Я выслушивал советы жены и садился в свой серый «пежо». По пути к коллежу я повторял про себя предстоящую лекцию о царствовании Асурбанипала или нашего Короля-Солнце, подыскивая наиболее сдержанные и нейтральные выражения, а также и моменты, когда бы с достаточным красноречием я мог возвеличить современную Францию. Это было крайне необходимо, так как однажды, в начале своей преподавательской деятельности, у меня случилась неприятность: проходя среди парт и объясняя государственно-правовые основы Ассиро-Вавилона, я, между прочим, отметил, что у вавилонцев был обычай завивать бороды, но это НЕ БЫЛО ОБЯЗАТЕЛЬНЫМ.
Тогда класс вскочил на ноги и воодушевленно заревел: «Слава Навуходоносору! Да здравствует теократия!..» О, господи! Представьте себе такого рода энтузиазм в первой четверти века, во времена процветания Восьмой республики, и вы поймете мой ужас. Потому что именно в ту эпоху большинство французских граждан, любящих свободу, ночью мечтали об абсолютной монархии. Когда я докладывал об этом поразительном случае отцу Ивроню, он вздохнул и воздел глаза к Саваофу.
— Мсье Гиле, — сказал он. — Я почувствую себя очень неудобно, если в министерстве возникнет идея исключить ваш предмет из программы, коллежа… Есть у вас таблетки от насморка?
Я дал ему таблетку, и с того дня перестал ему докладывать о чем бы то ни было. Отец Ивронь нашел подходящий случай, чтобы отметить мою интеллигентность, и похвалил меня. Сен-Сансез также начал относиться ко мне более благосклонно, утверждая, что я не принадлежу к самым никудышным членам Патриотической лиги.
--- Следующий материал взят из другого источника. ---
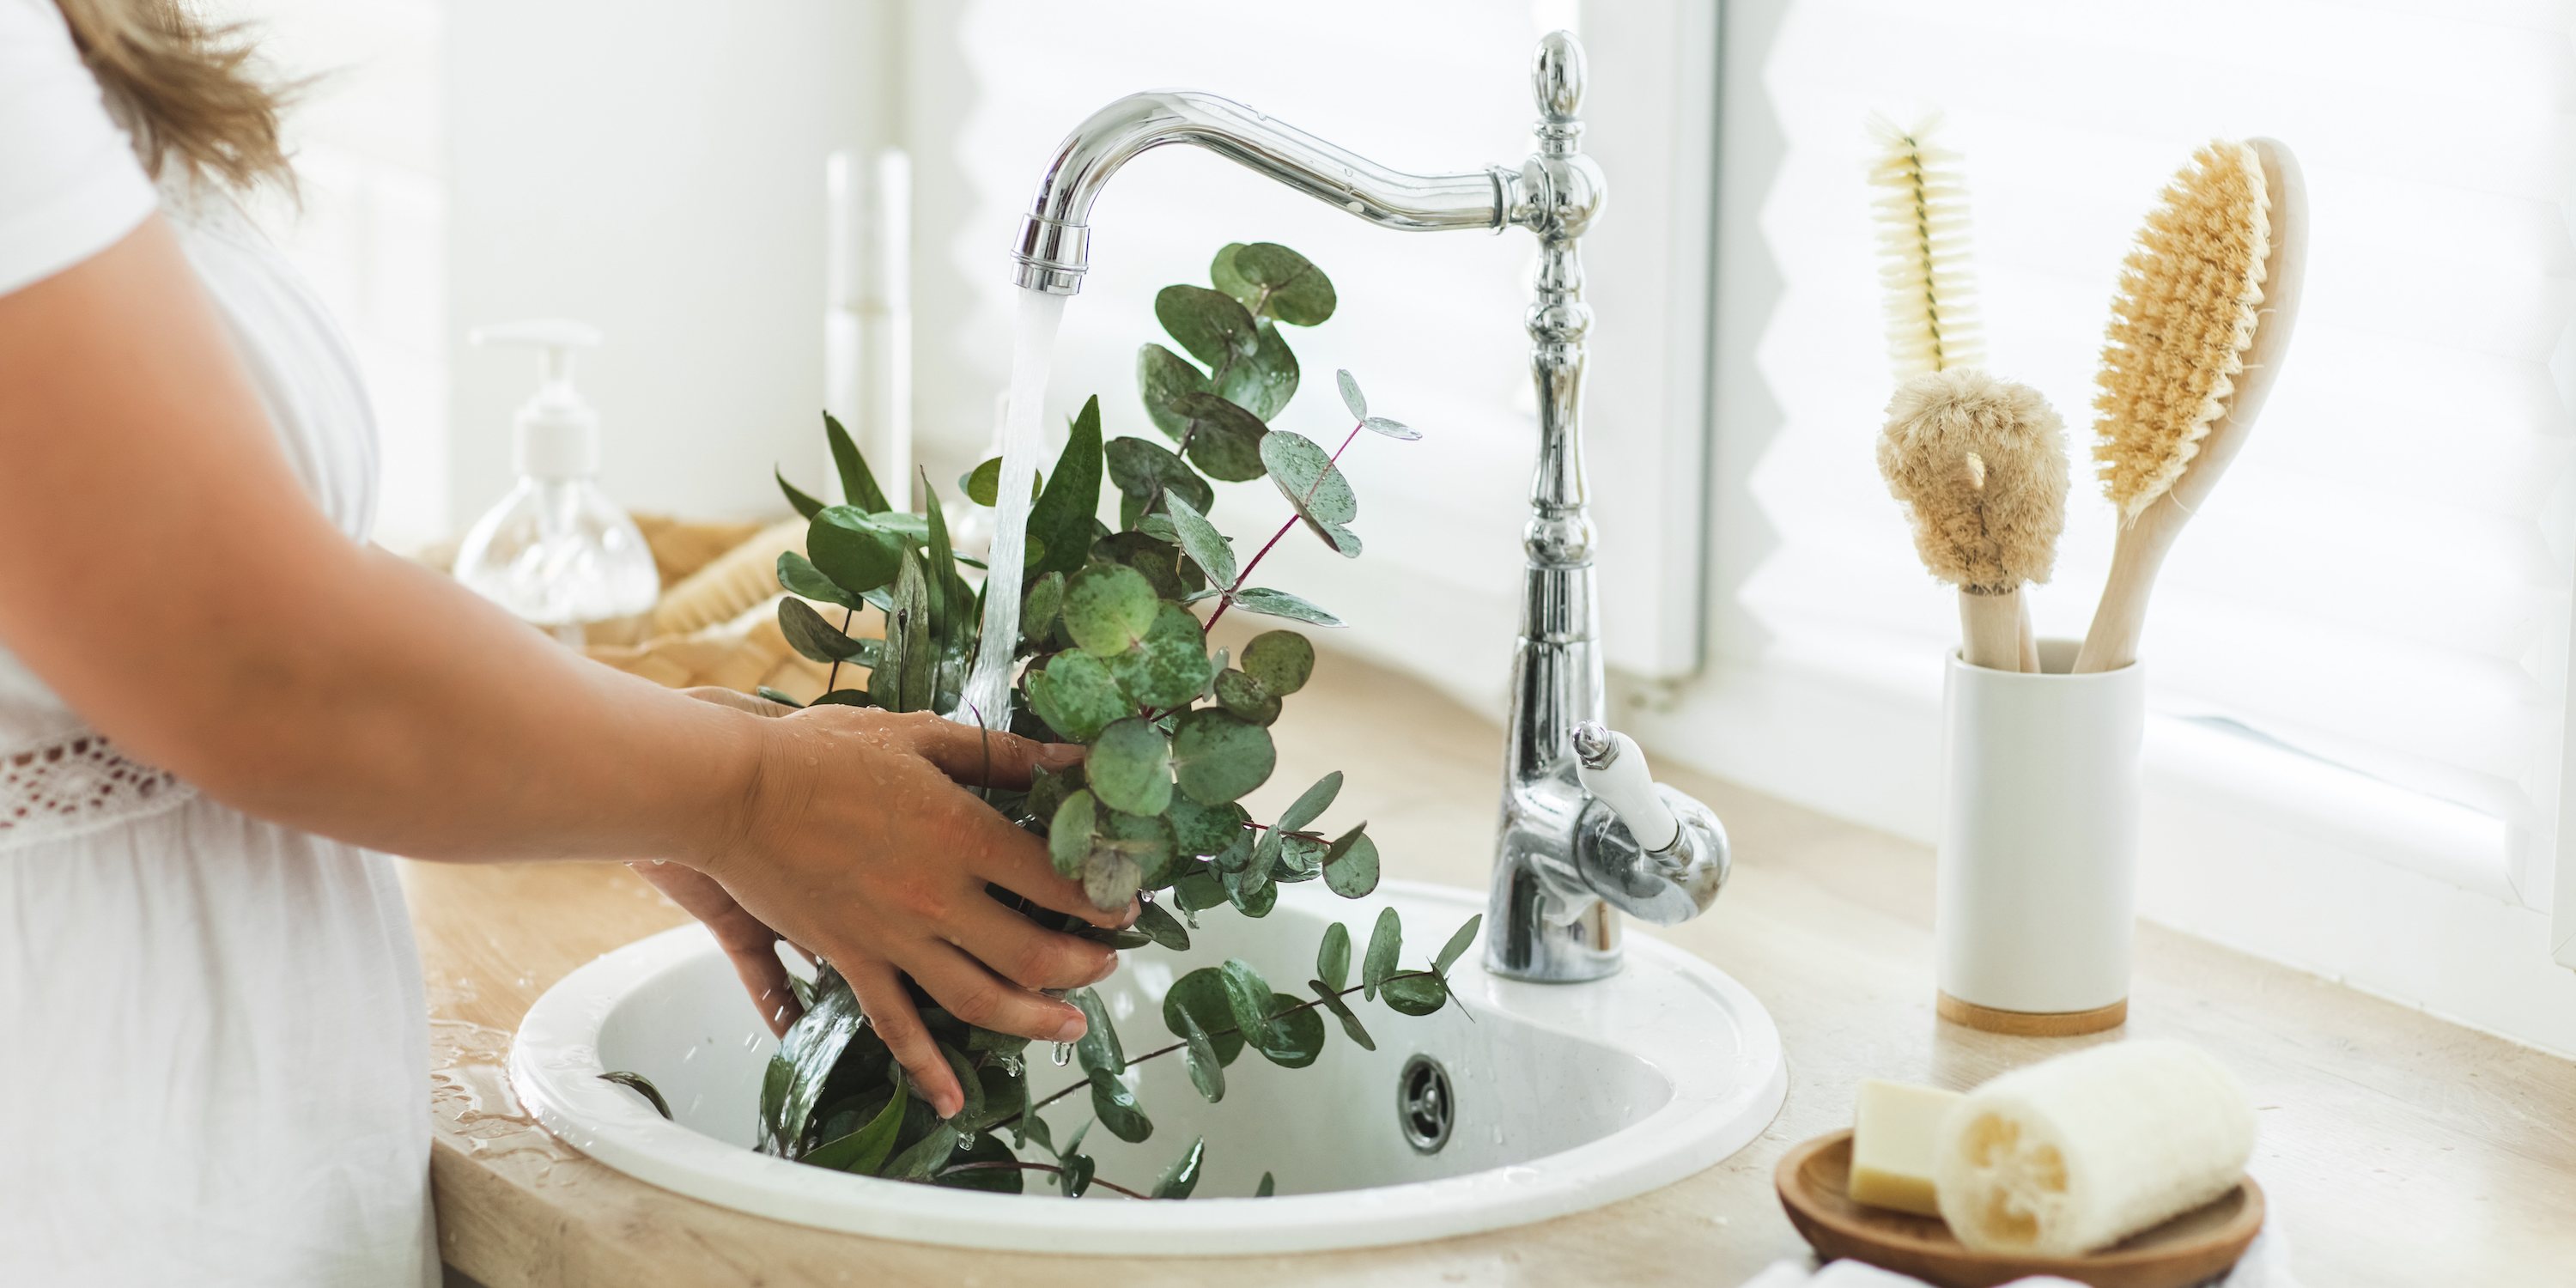 Escolha plantas que não exigem muita água para decorar a sua casa. As que mais consomem podem ficar na casa de banho

Но это только детали общей картины Франции в ту знаменательную эпоху. Вот вам еще несколько штрихов, касающихся политической и социальной жизни: Национальное собрание как институт излишний и вызывающий смех было закрыто в самом конце XX века, то есть, за два года до моего рождения; министры назначались Президентом и имели право присутствовать на его утреннем одевании, за исключением министра просвещения, который, в силу функции, которую исполнял, почти всегда был в превентивной немилости; Президент сам себя назначал — конечно после необходимого конституционного согласия Трех фирм, которые управляли экономикой страны; интеллигенция вежливо улыбалась направо и налево, поддерживала все, что могло быть поддержано, и рассчитывала (тайно, естественно) на революционный дух пролетариата; у пролетариата было, что есть, получал он 0,000,000,001 процента от дивидендов Трех фирм и не имел никакого намерения спасать интеллигенцию; крестьяне спали по 24 часа в сутки; в стране было два университета, готовивших епископов и кадры для Управленческого корпуса и двухсот психиатрических больниц, оборудованных по последнему слову техники — для политических противников режима; полиция, исключительно гуманная и просвещенная, составляла половину населения; с целью внушения еще большего уважения к славному прошлому Франции на площади де ля Конкорд была смонтирована музейная гильотина, которая работала так же хорошо, как и два века тому назад. И так далее и тому подобное.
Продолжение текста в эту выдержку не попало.